Given that equation kx² + (k-1)x +2k + 3 = 0, where k is a non-zero integer, find the value of k for which
a) one root is the negative of the other
b) one root is the reciprocal of the other
c) one root is twice the other
Note: Alpha + beta thingy is killing me. Need help pls. Thanks a lot.
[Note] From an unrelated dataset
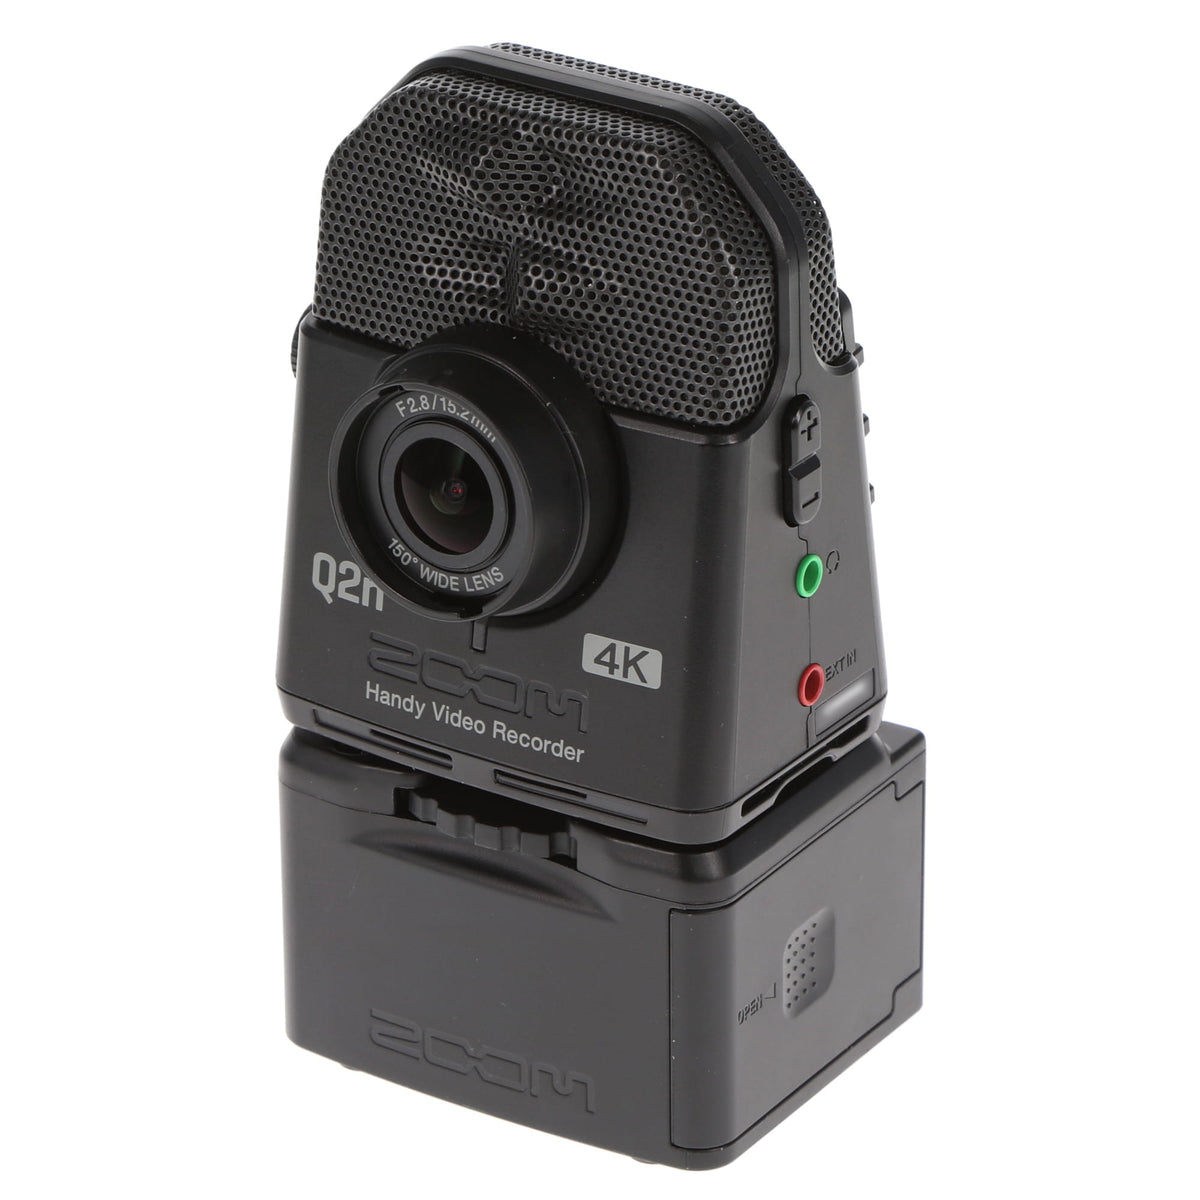 【大創業祭】【中古品】ZOOM Q2n-4K ハンディビデオレコーダー

May have more questions to ask.
Since one root is the negative of the other, let's assume alpha = -beta, from there solve your equation, if you get k = 0, then it means that beta = -alpha instead.
Do these for b and c, whereby you take one of each respectively and you might get the answer.
I have completely forgot about alpha and beta so I can't help you solve everything out, but as far as I know, this will be the method I would use if posed with such question.
The other smarter forumers please provide the accurate methods, heh. :D As my thinking might be wrong, ^^"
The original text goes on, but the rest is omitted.